Here are the dataset and model to be unzipped in the same folder as the script. The model is a xgb.XGBClassifier previously trained on the same data with the standard fit() function.

You can reproduce the reported problem with python test.py.

GuidoBartoli on 13 May 2020

👍2

All 6 comments

Hi, could you please post a more complete script that I can run?

trivialfis on 12 May 2020

Sure, I will post it here this afternoon, so you can take a look at it.

Thanks!

GuidoBartoli on 12 May 2020

This is a minimal test.py:

from h5py import File
from joblib import load
from sklearn.feature_selection import SelectFromModel

if __name__ == '__main__':
    h5 = File('dataset.h5', 'r')
    data = h5['data'][:]
    model = load('model.mdl')
    selection = SelectFromModel(model, threshold=0.95, prefit=True).transform(data)
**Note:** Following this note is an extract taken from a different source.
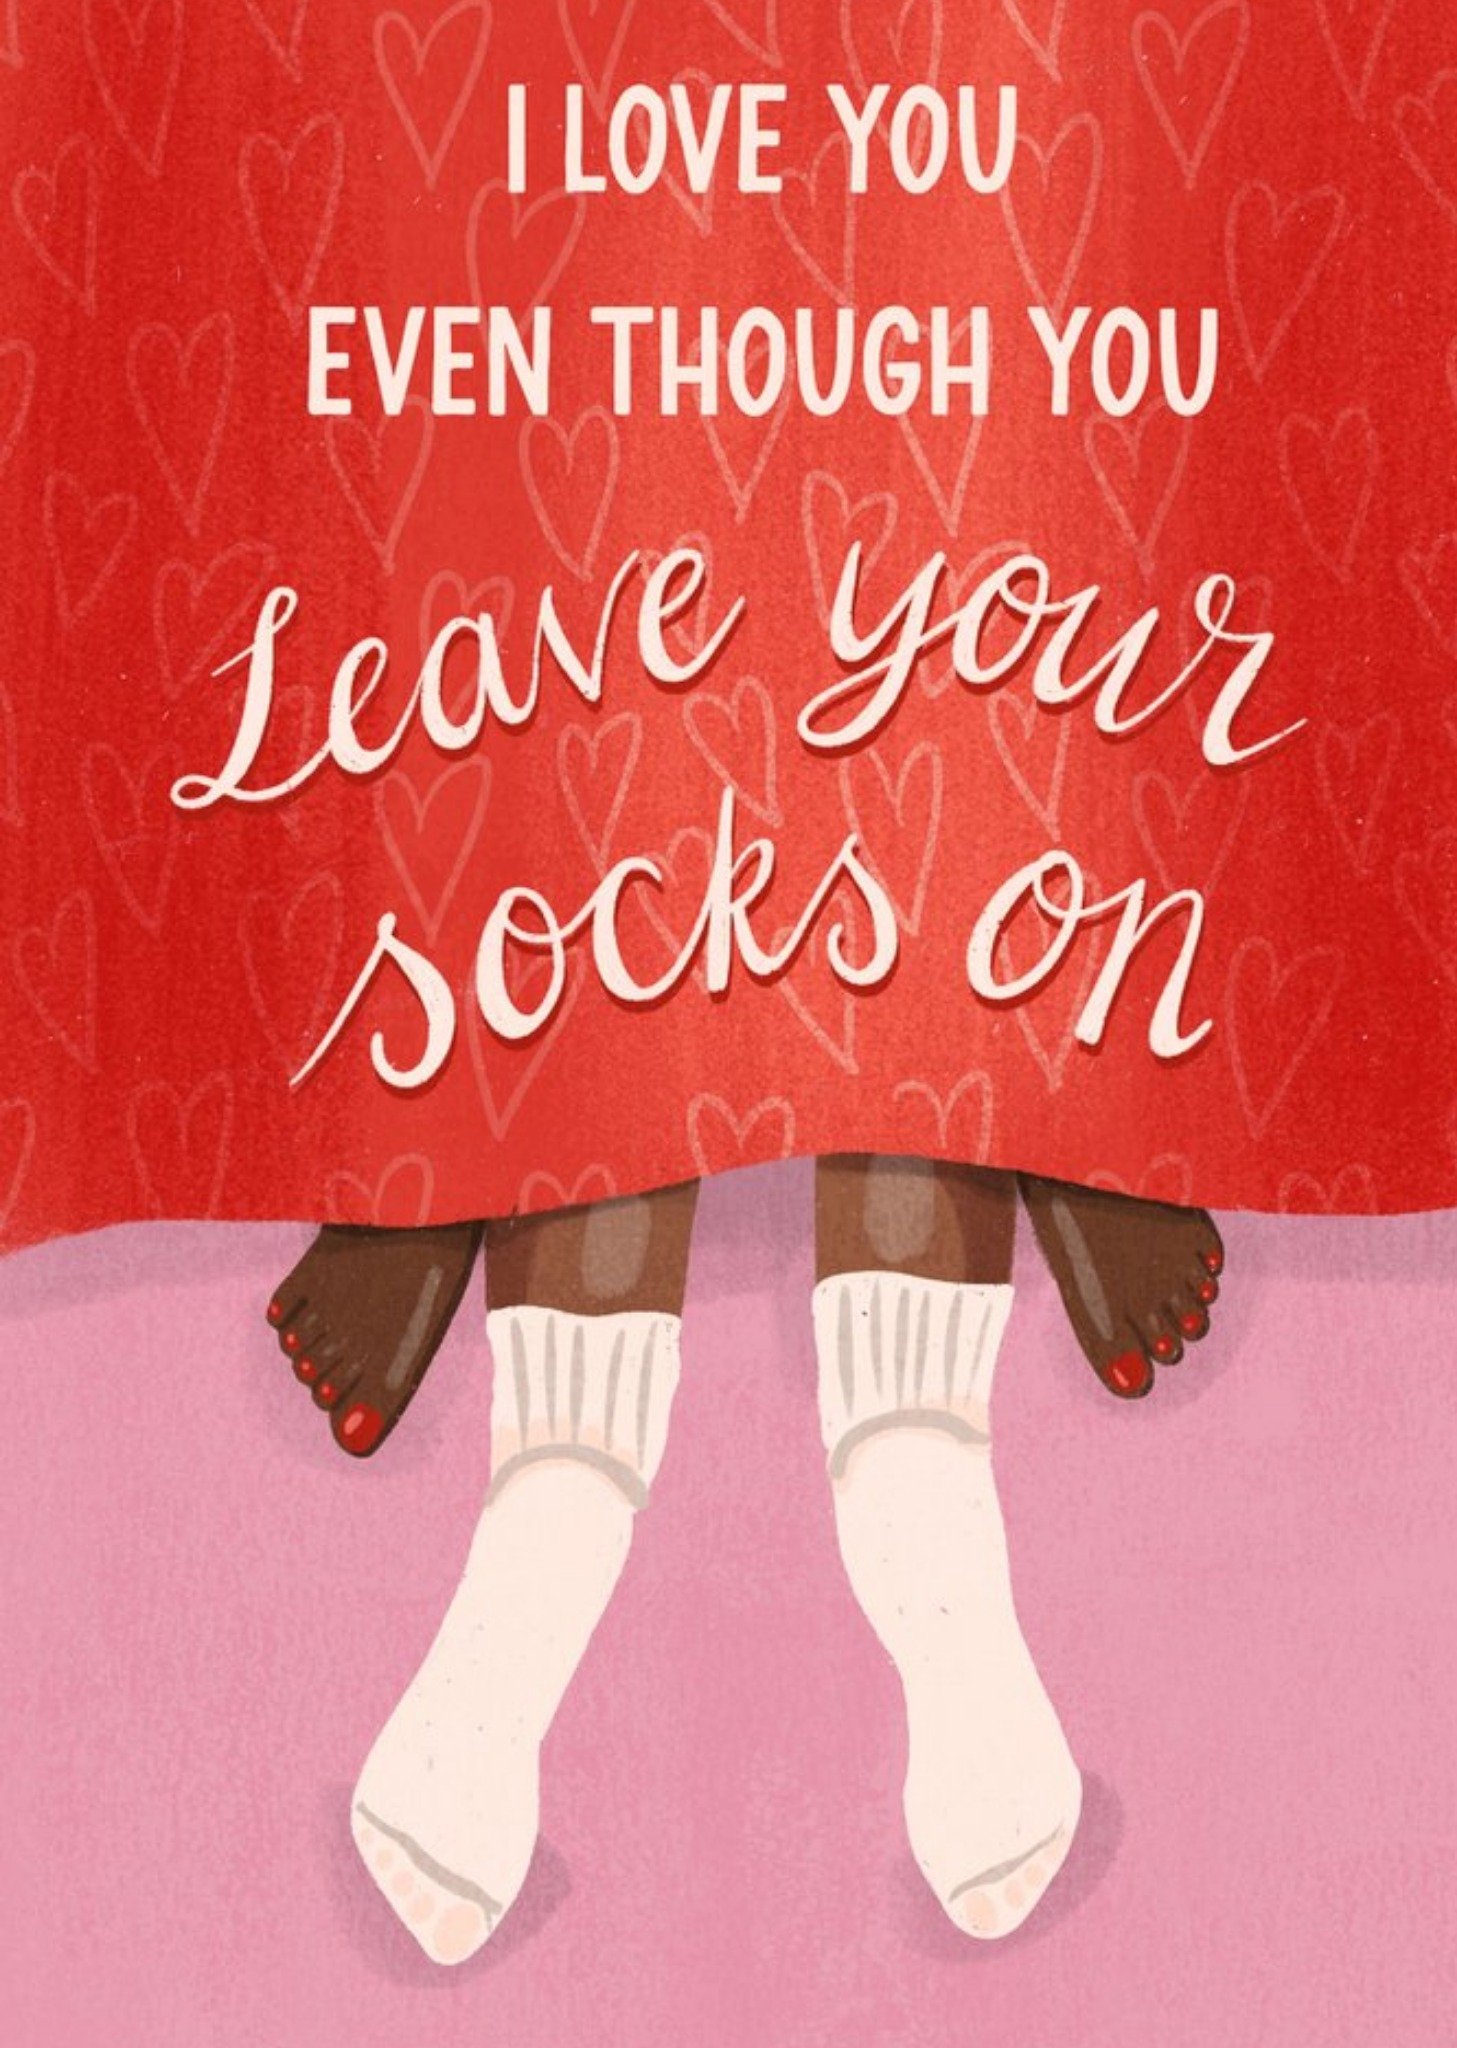 Moonpig Funny I Love You Even Though You Leave Your Socks On Valentine's Day Card, Large

This is the corresponding requirements.txt:

h5py==2.10.0
joblib==0.14.1
numpy==1.18.4
scikit-learn==0.23.0
scipy==1.4.1
six==1.14.0
threadpoolctl==2.0.0
xgboost==1.0.2

Here are the dataset and model to be unzipped in the same folder as the script. The model is a xgb.XGBClassifier previously trained on the same data with the standard fit() function.

You can reproduce the reported problem with python test.py.

GuidoBartoli on 13 May 2020

👍2

@GuidoBartoli Hi dude. I've had the same problem. I have used xgboost==1.0.0 version. Upgrading up to recent 1.1.0 helped.